▶ **Aim of the exercise**: Find the line with "Dr. Aamir Firoz Shamsi, Phd" in the data below. Repeat it and every line after it up to the end, exactly, but drop the pictures.

▶ **Available data**:

%%

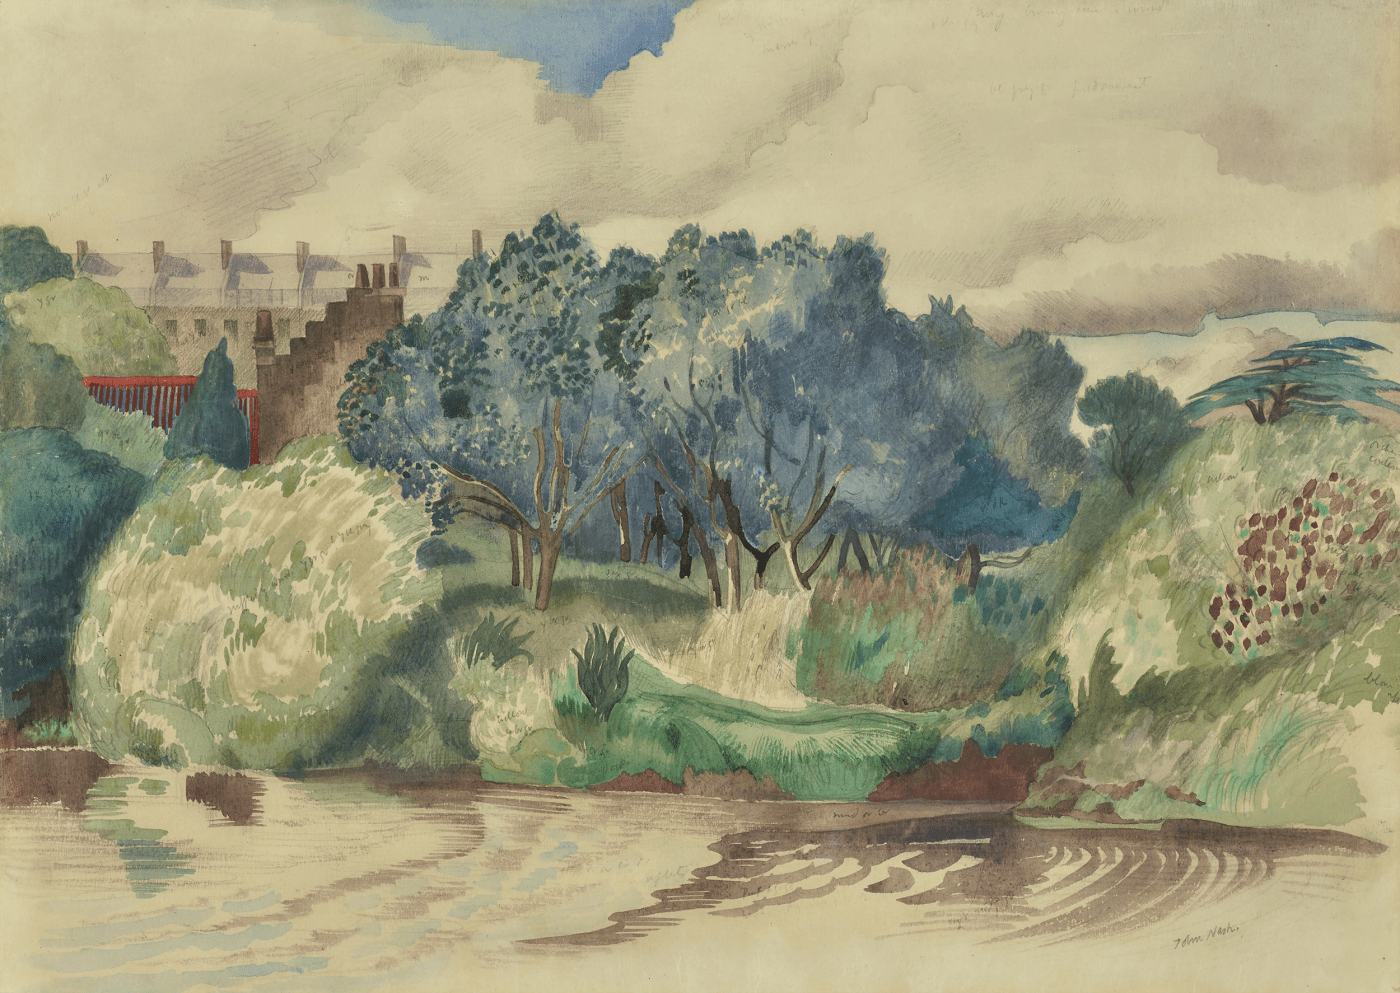 A landscape by British artist John Nash
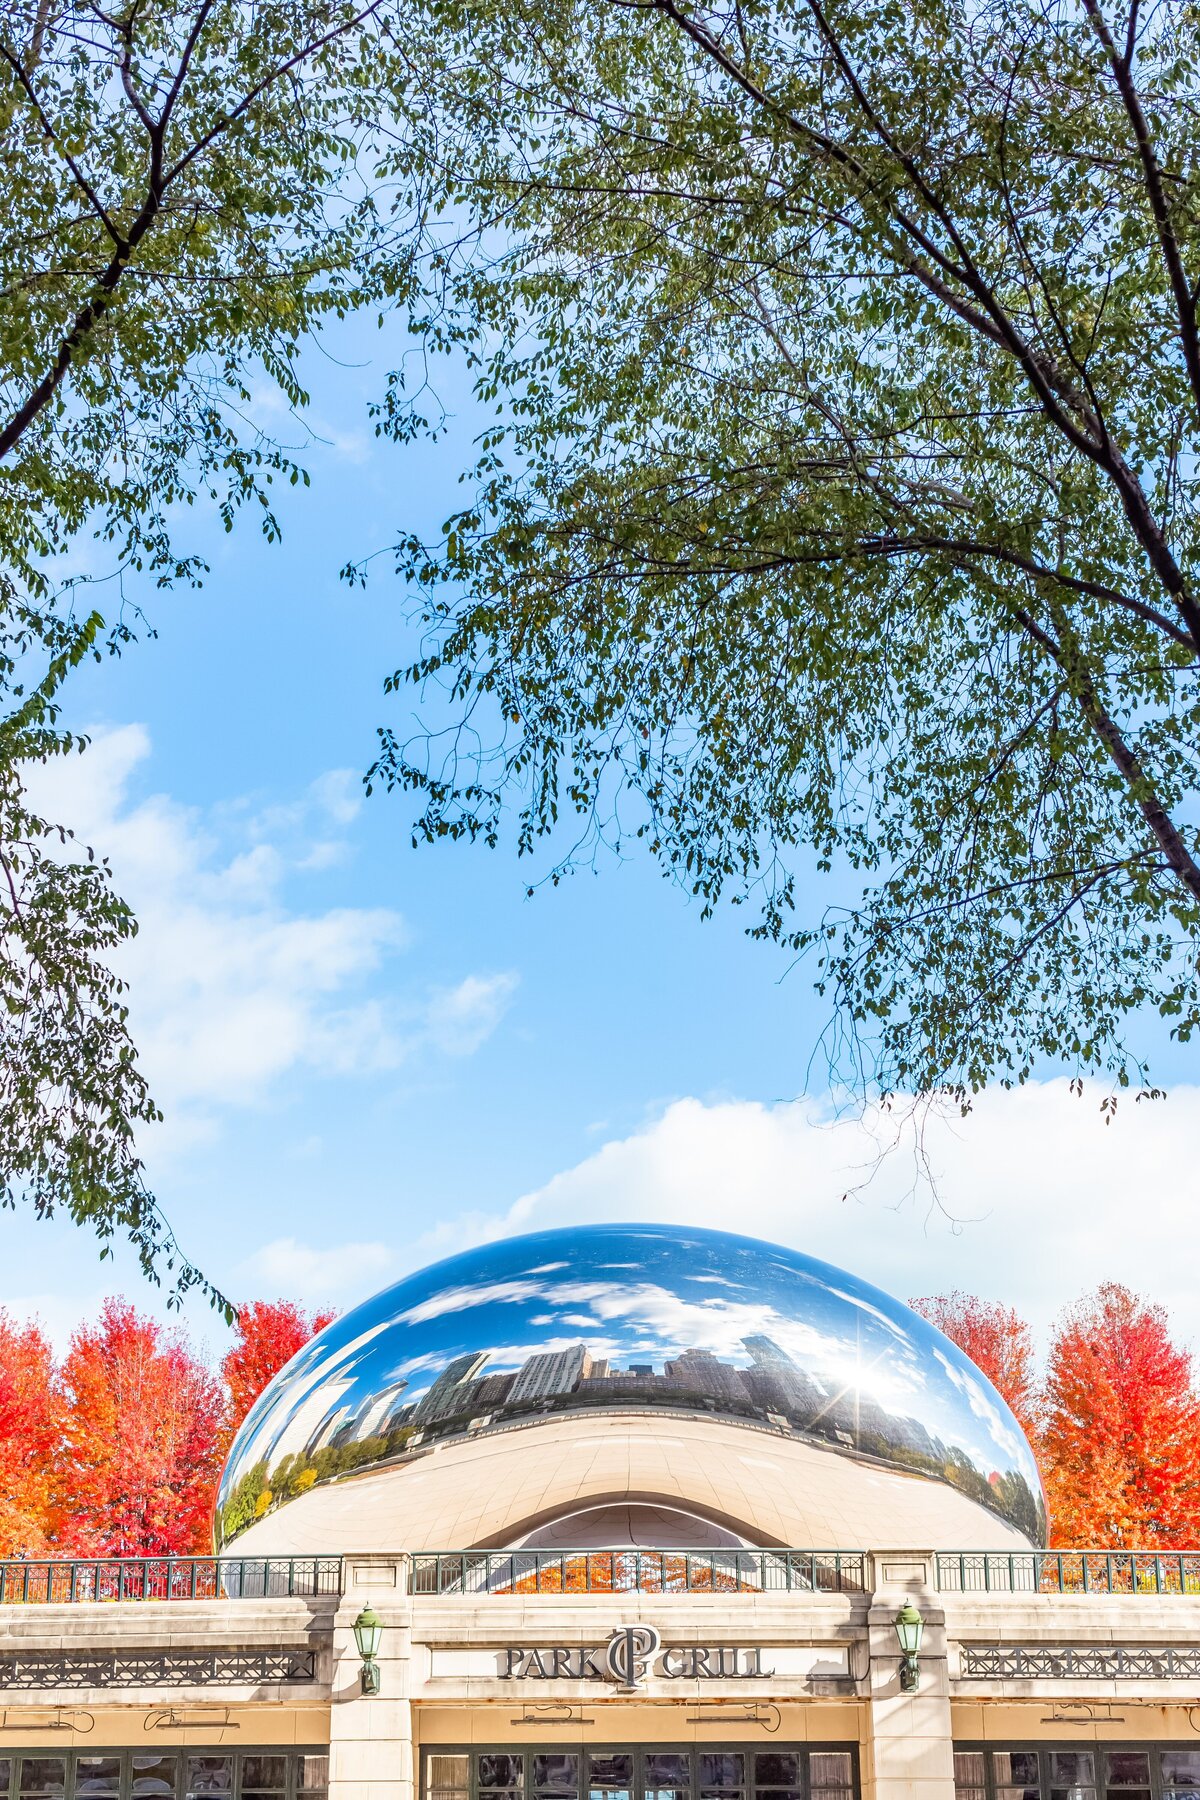 Chicago-illinois-City-2015-2019-2020-The-Bean-Millenium-Park-Museum-of-Science-Industry-0167
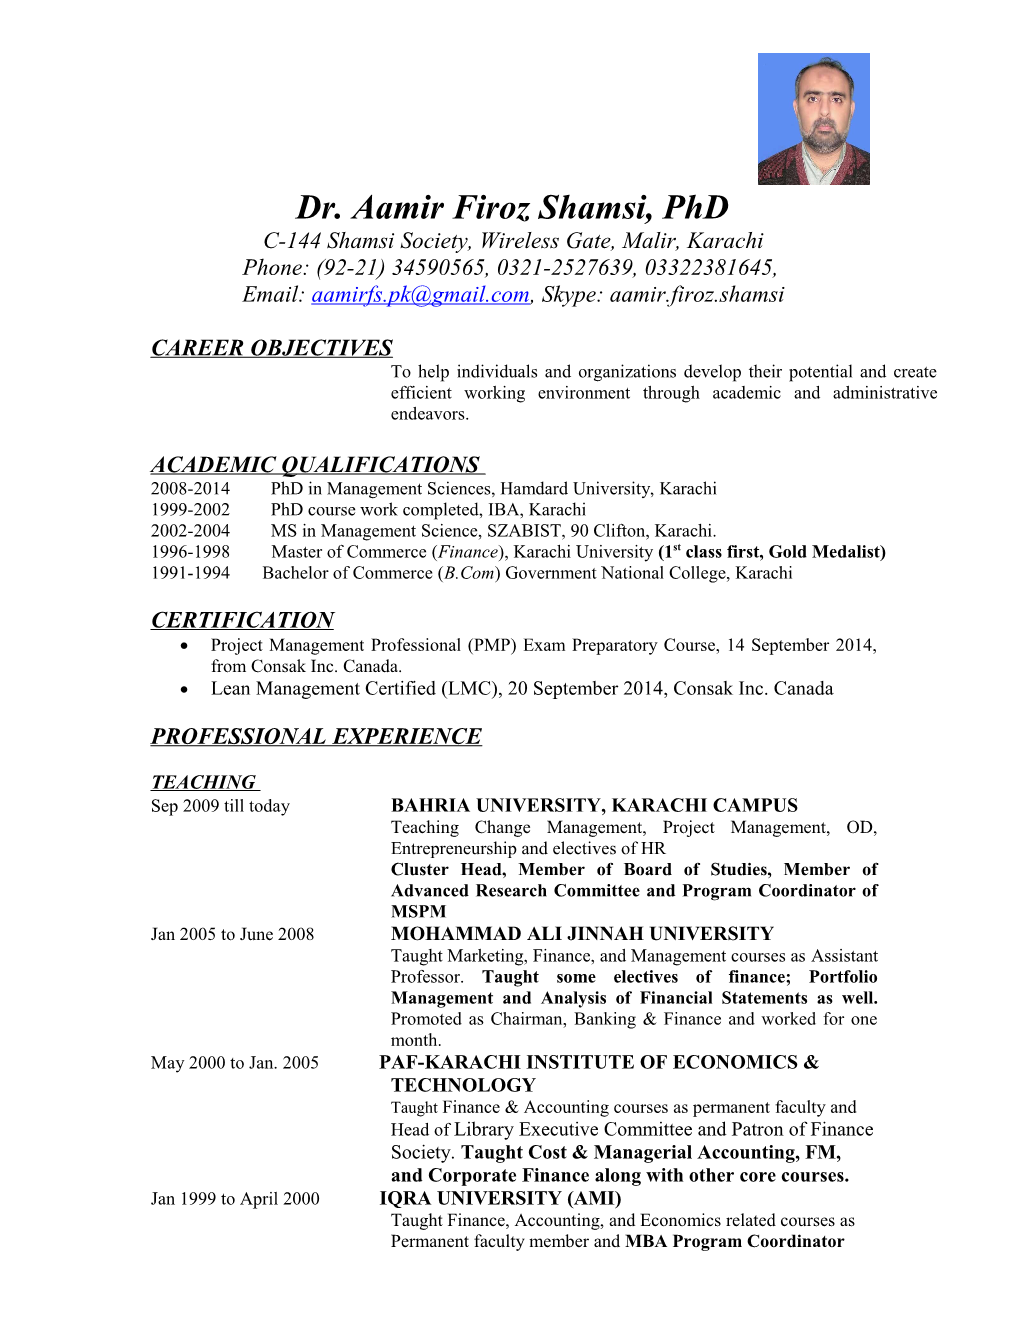 Dr. Aamir Firoz Shamsi, Phd
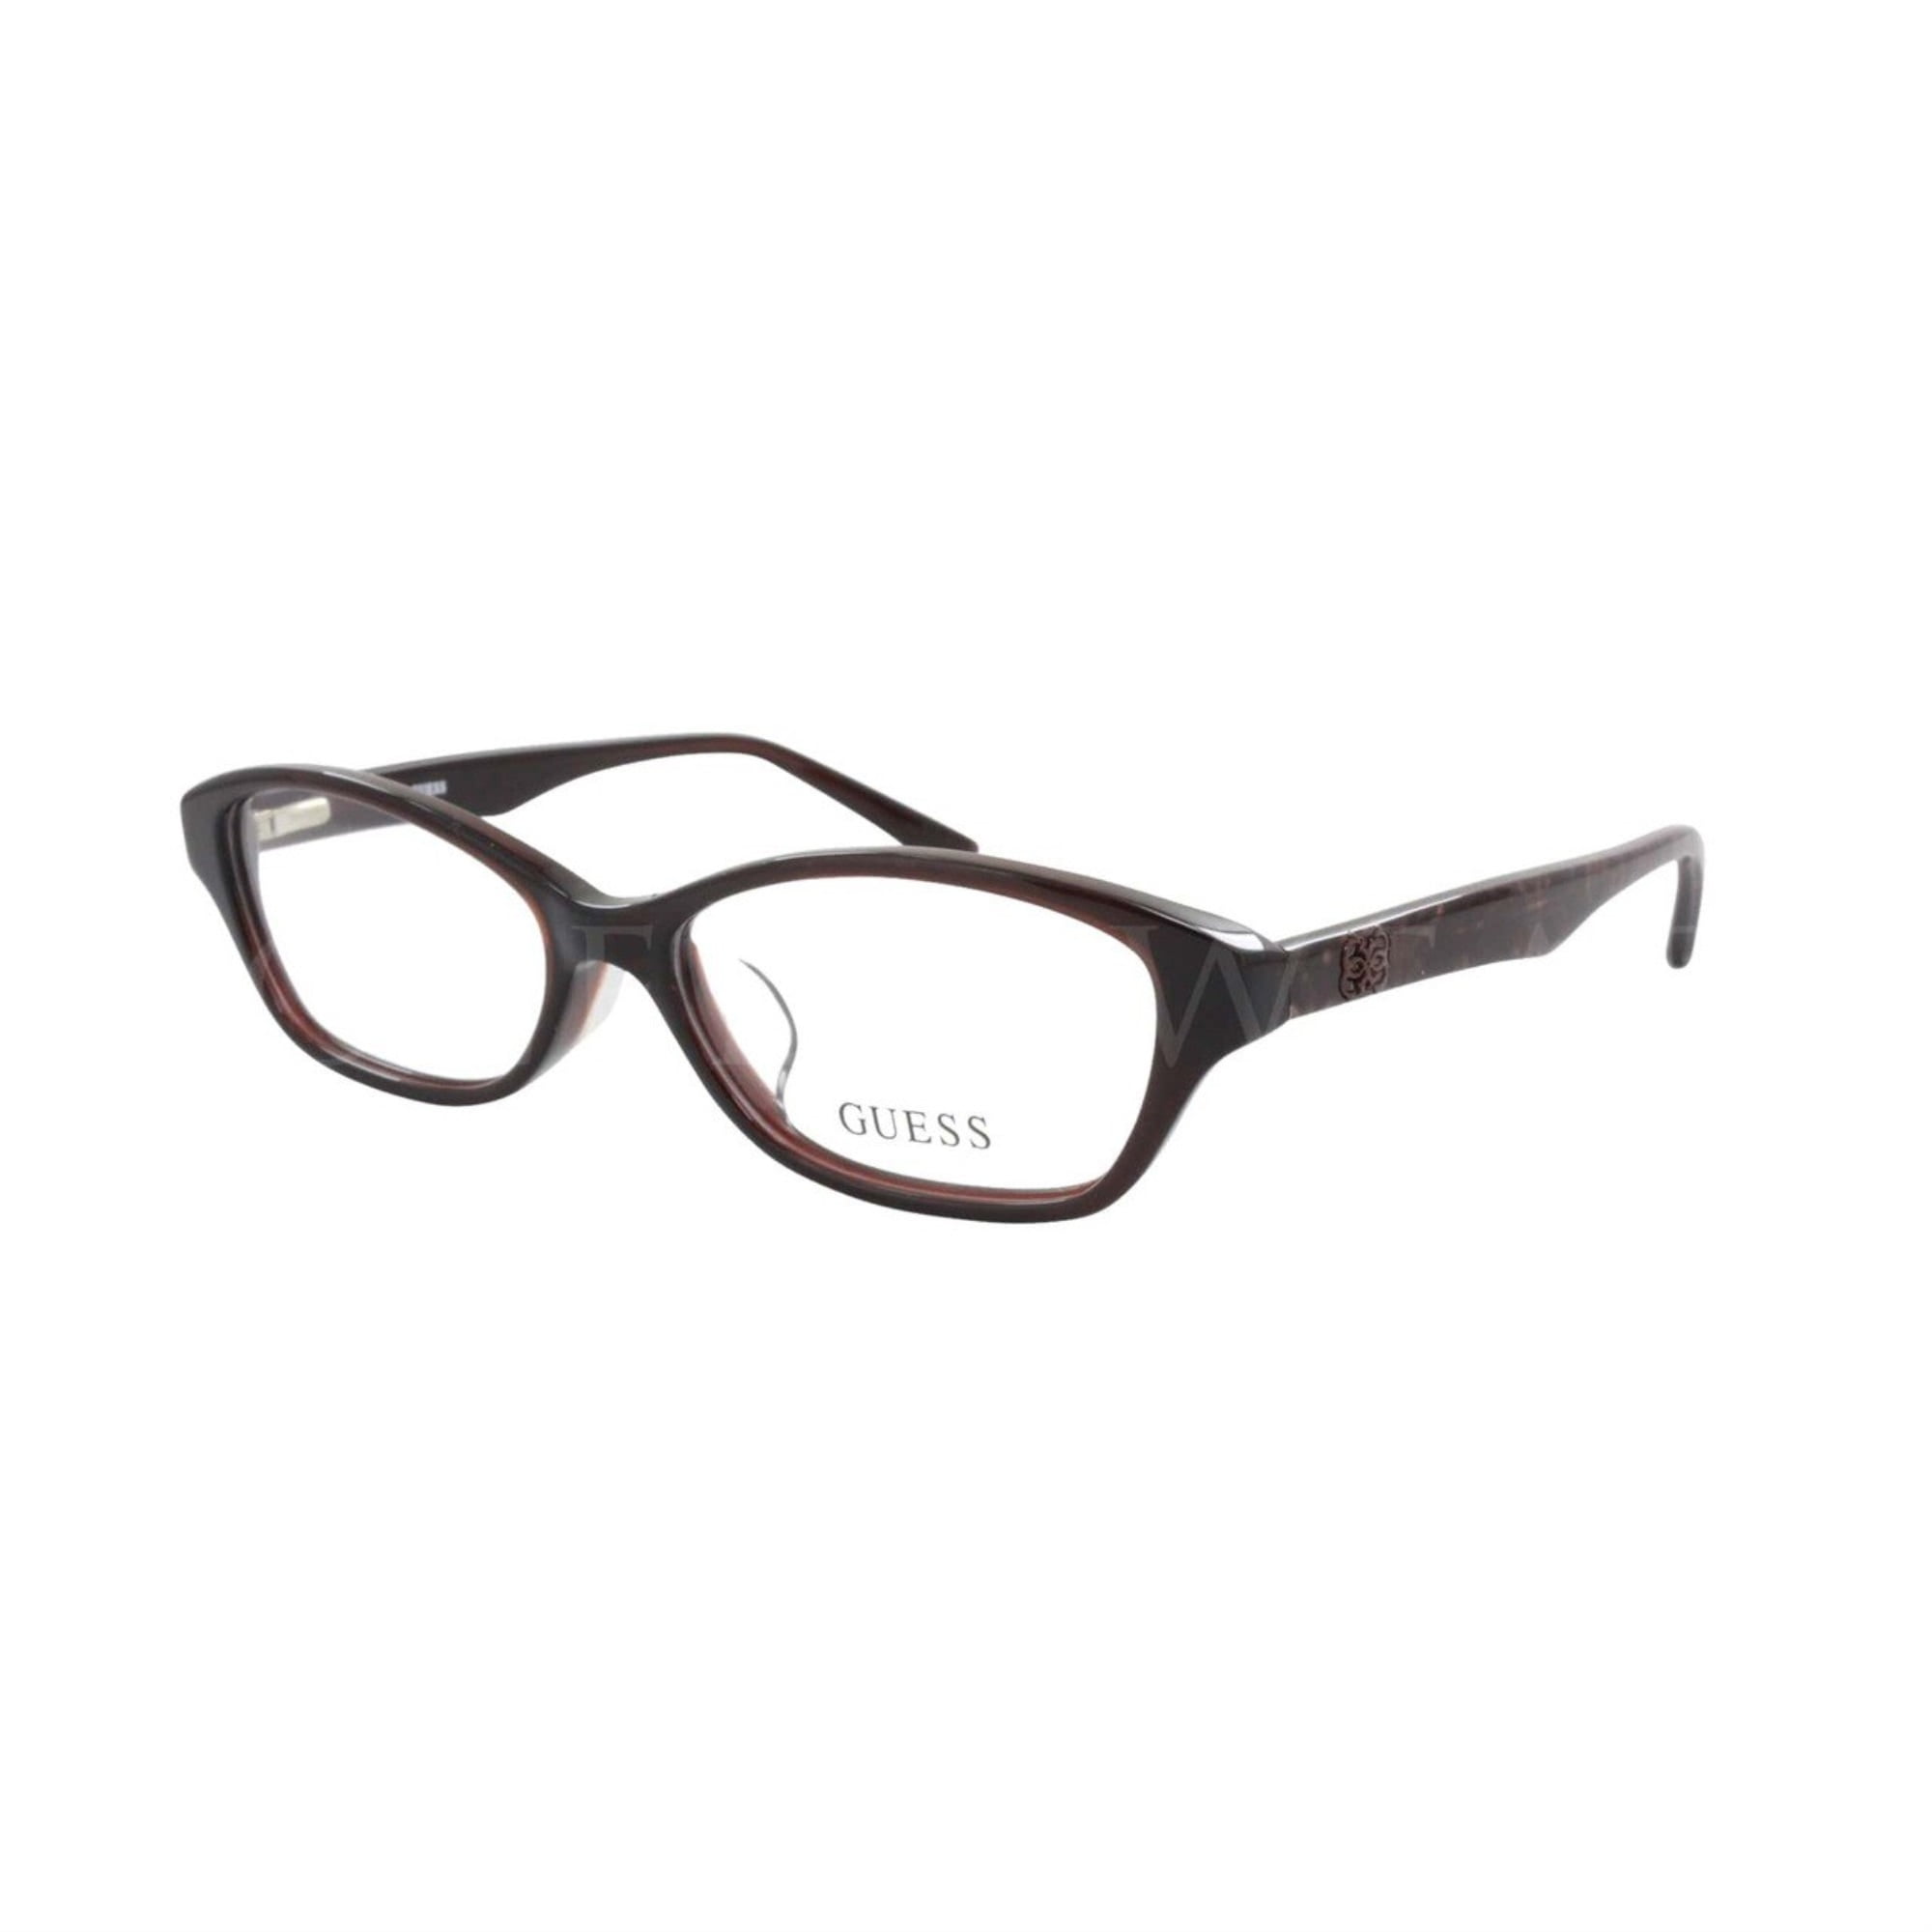 NEW Guess GU 2417 BRN 52mm Brown Optical Eyeglasses Frames

%%

▶ **Output below**:
 Dr. Aamir Firoz Shamsi, Phd
 NEW Guess GU 2417 BRN 52mm Brown Optical Eyeglasses Frames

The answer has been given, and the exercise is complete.